R: Why is a free variable within a function recognized as an unquoted column name?


My understanding is that R's scoping will always try to assign values to free variables within a function by searching the environment within which the function is defined and then searching parent environments. However, I am seeking assistance reconciling this with why I don't receive an error from a function call.

Suppose I define a function foo in the global environment and pass it arguments that are either objects (e.g., a data.frame) in the global environment or the unquoted names of elements of that object.

library(dplyr)

# Example input objects
dv <- "c"
df <- data.frame(x = rep(c(3,NA_real_), 5),
                 y = letters[1:10],
                 z = 1:10)

# Define a function
foo <- function(df, dv, response, treat) {
  df %>%
    filter(y %in% dv) %>%
    filter(!is.na(response)) %>%
    select(treat)
}

My understanding is that y is a free variable here and I should expect R will look for y in the global environment where foo was defined, find nothing, and throw an error.
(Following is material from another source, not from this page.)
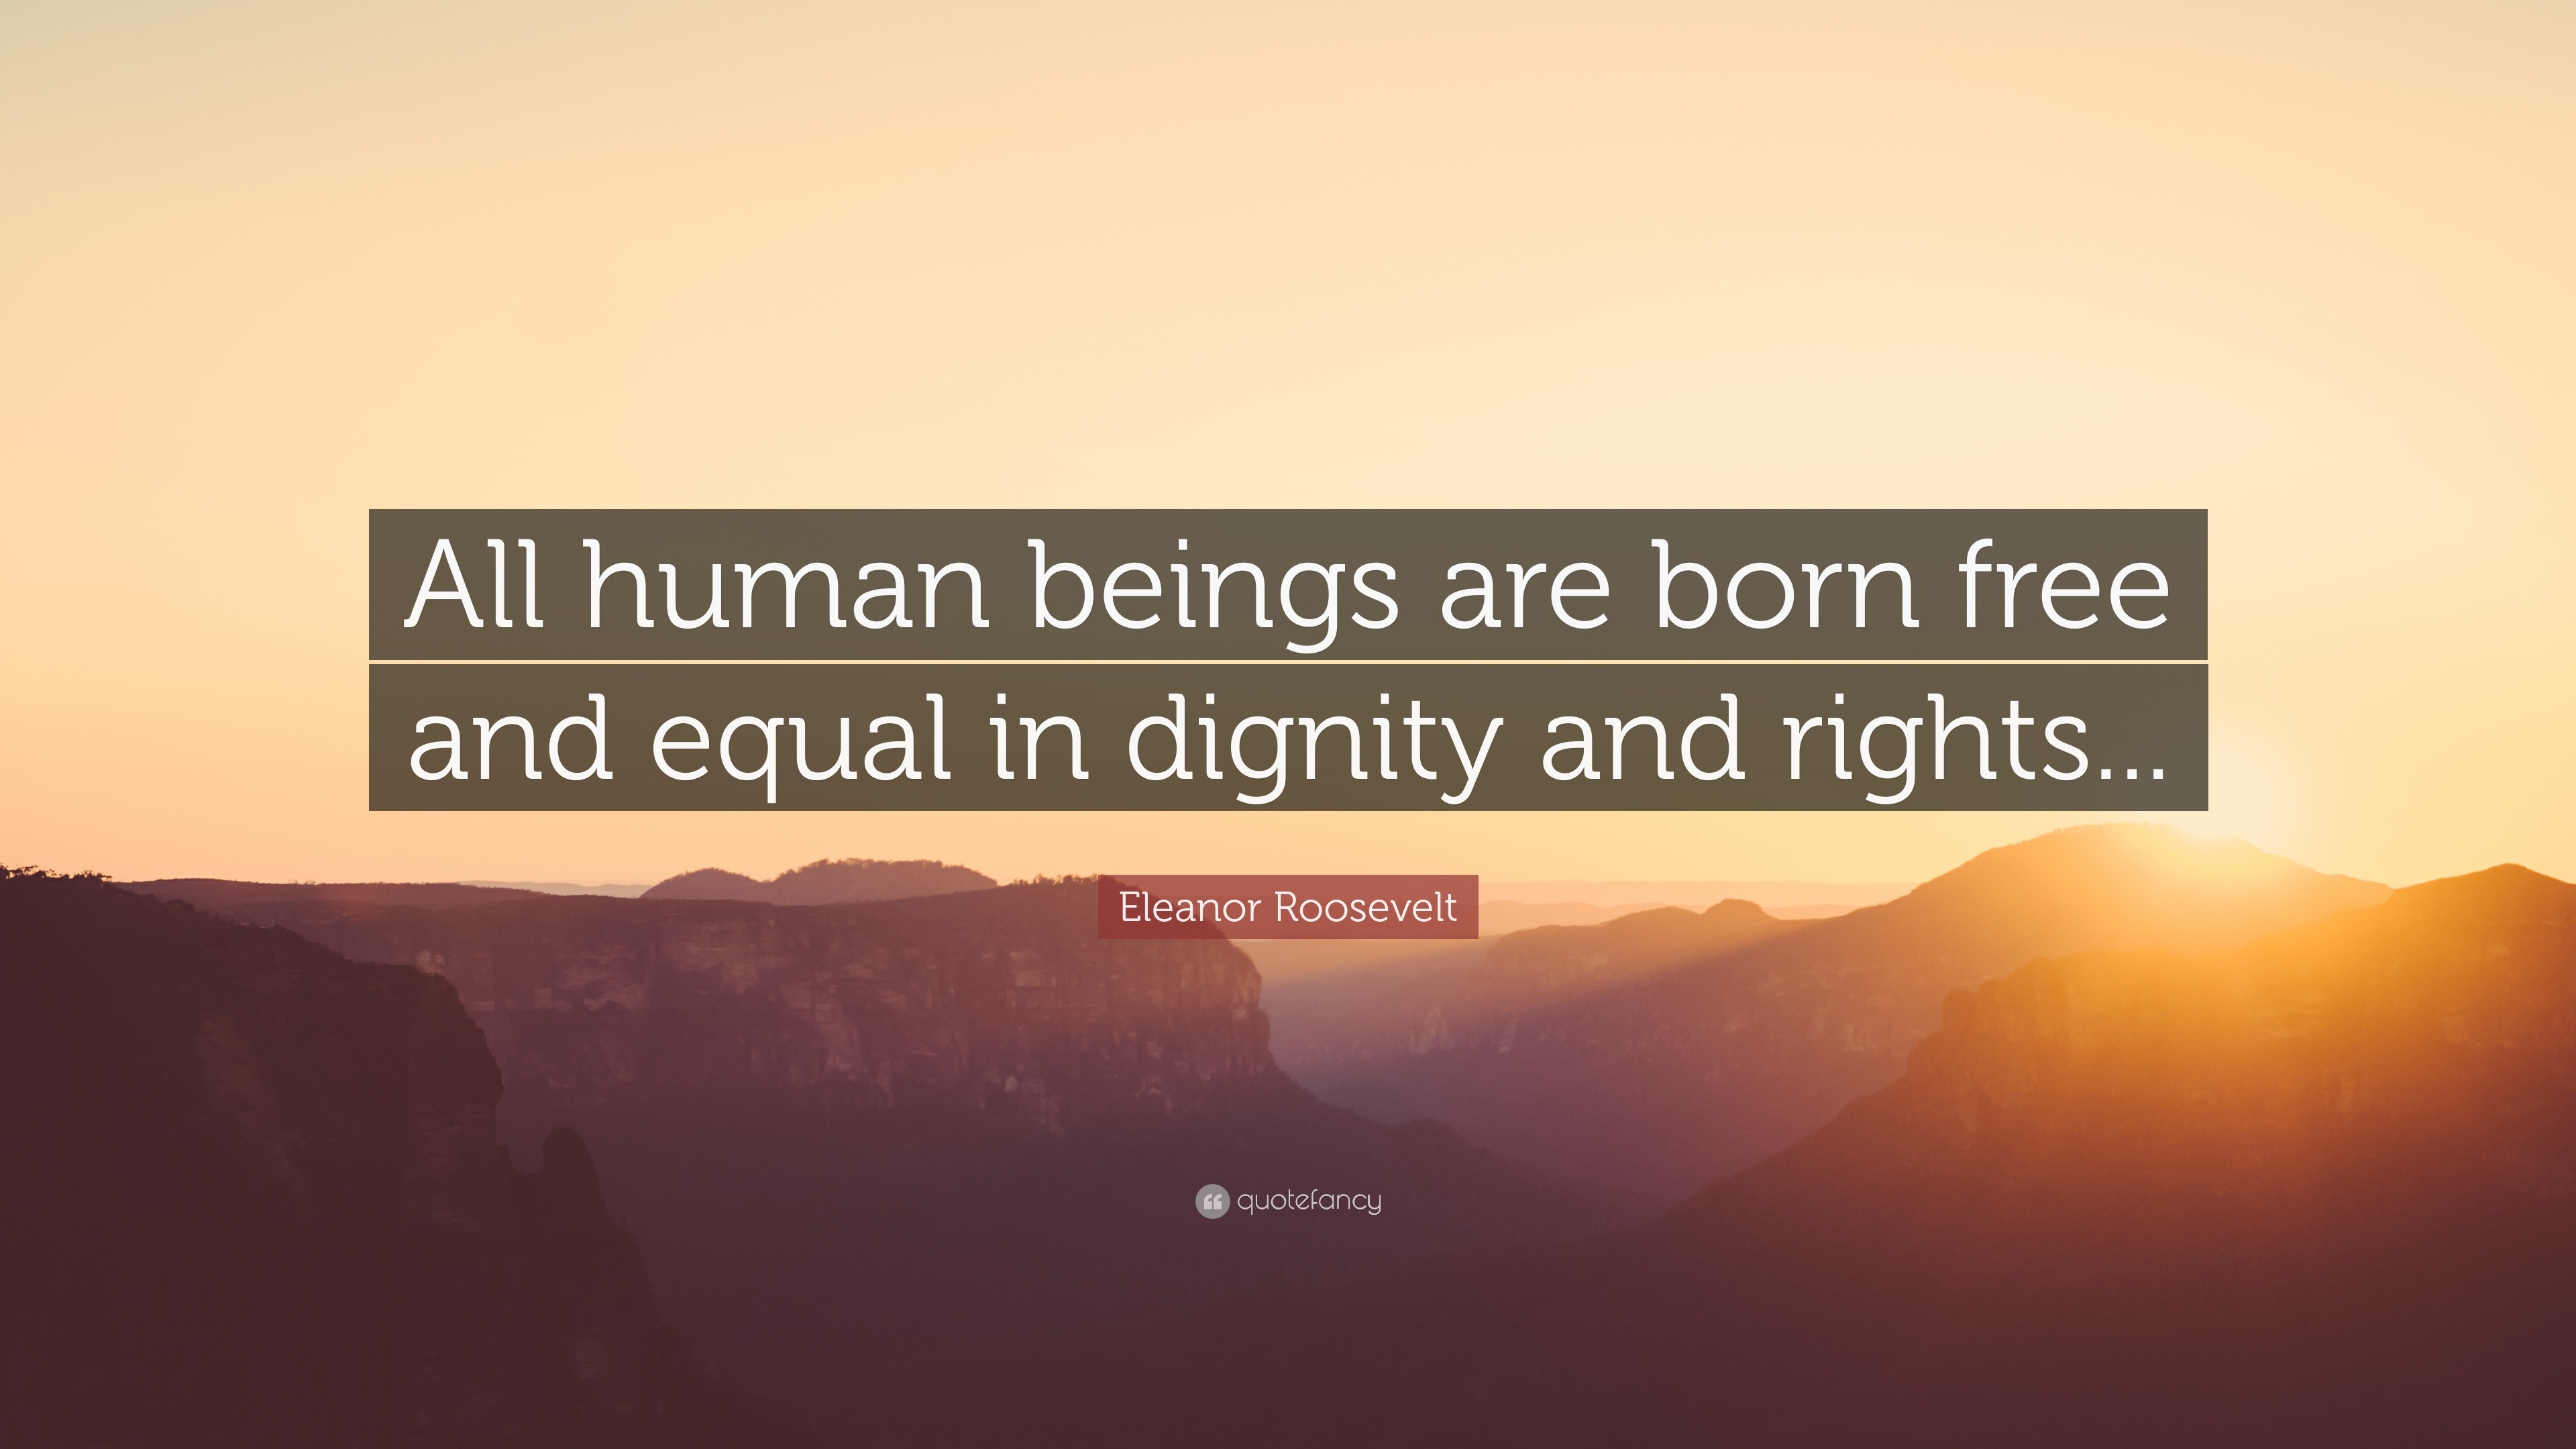 Roosevelt Quote: “All human are born free and equal in dignity and rights...”

However, any errors/warnings are unrelated to y:

foo(df = df, dv = dv, response = x, treat = z)
#> Error in `filter()`:
#> ! Problem while computing `..1 = !is.na(response)`.
#> Caused by error in `mask$eval_all_filter()`:
#> ! object 'x' not found

While we can fix those scoping errors by quoting and unquoting (per below), it remains unclear to me how y is recognized as an unquoted column name and not producing an error.
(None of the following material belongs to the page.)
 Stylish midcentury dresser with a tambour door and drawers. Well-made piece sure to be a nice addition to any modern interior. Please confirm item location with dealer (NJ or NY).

foo_new <- function(df, dv, response, treat) {
  response <- enquo(response)
  treat <- enquo(treat)
  
  df %>%
    filter(y %in% dv) %>%
    filter(!is.na(!!response)) %>%
    select(!!treat)
}

foo_new(df, dv, x, z)
#>   z
#> 1 3

Solution

  • It might help to make things more explicit, in regards to quoted vs. unquoted expressions and the environments from where objects are coming. If I were to roll up foo into an R package, this is what I'd do (using roxygen2 comments to make the type of function arguments explicit).

    #' Test function
    #' 
    #' @param df A `data.frame`.
    #' @param dv A `character` scalar.
    #' @param response An unquoted expression corresponding to a column in `df`.
    #' @param treat An unquoted expression corresponding to a column in `df`.
    #' 
    #' @importFrom magrittr "%>%"
    #' @importFrom rlang .data 
    foo_explicit <- function(df, dv, response, treat) {
        df %>%
            filter(.data$y %in% dv) %>%
            filter(!is.na({{ response }})) %>%
            select({{ treat }})
    }
    

    A few comments:

    • .data$y inside filter makes it explicit that y is a column within df.
    • The dv argument is a character scalar within the foo_explicit environment.
    • The response and treat arguments are unquoted expressions. The curly-curly operator is just a short-cut to the enquo + !! construct that you use in foo_new.